How to refinance student loans with low income
If you decide refinancing makes sense for you, here are the steps you can take to apply:
- Check your credit. Along with income, your credit can make or break your student loan refinancing application. Check your score before you apply so you know what you’re working with. Consider enlisting a cosigner if your credit is on the low side.
- Shop around with lenders. Some lenders have more stringent requirements than others, so look for ones that would be a good match for your financial profile. You may be able to check your offers through prequalification, which allows you to see if you can get approved without undergoing a hard credit inquiry.
- Compare your refinance offers. To choose your best offer, look for a loan with a low interest rate, few (or no) fees, and repayment terms that work for your budget. Consider whether the lender offers any other benefits, such as payment modification if you lose your income.
- Choose an offer and apply. If you find an appealing offer, you can submit an official application and any verifying documentation the lender requires. Once everything goes through, you’ll start paying back your new, refinanced student loan.
Ask the expert
Evaluate the new monthly payment you are projected to pay with a refinanced loan. If it does not fit your budget, I would not suggest that they refinance and instead continue to repay your student loans (while also communicating with the lender if you will be late on a payment). Then, reevaluate consolidation when cash flow is more favorable, your credit has (hopefully) increased, interest rates are more favorable, and/or your income has increased.

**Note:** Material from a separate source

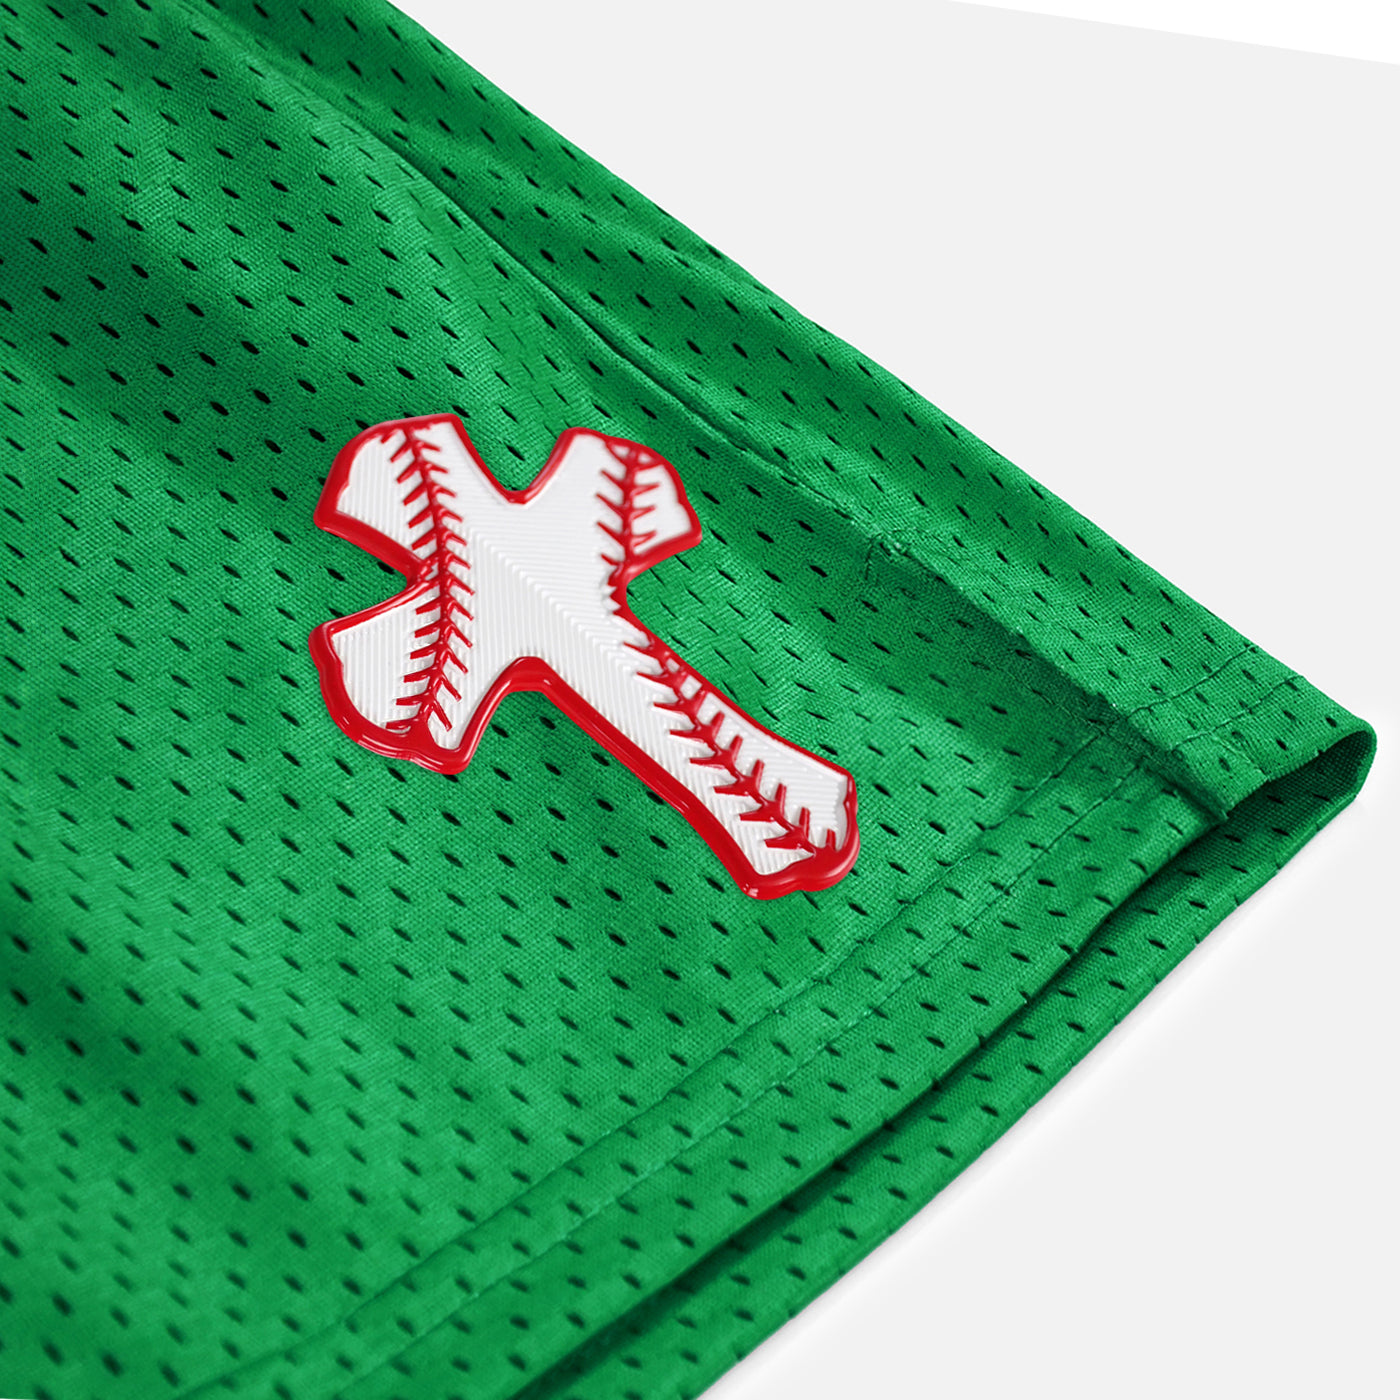 Baseball Cross Patch Shorts - 7"

Alternatives to student loan refinance
If refinancing is not the best option for you, consider these alternatives for managing your private student loans:
- Contact your lender about your options: If you’re concerned about missing payments, contact your lender ASAP to see if it can help. Some options might include temporary forbearance, payment modification, new repayment terms, or an adjusted payment due date.
- Pursue a loan repayment assistance program (LRAP): Although private student loans aren’t eligible for federal forgiveness programs, they may qualify for repayment assistance from your state or a private organization. Most LRAPs are designed for qualified professionals working in high-need or underserved communities.
- Consider a home equity loan or HELOC: Homeowners could tap into their home equity to pay off their student loans. This option could save you money if your home equity loan or HELOC has a better interest rate than your student loans. However, the risk is that you could lose your home to foreclosure if you can’t repay what you borrow.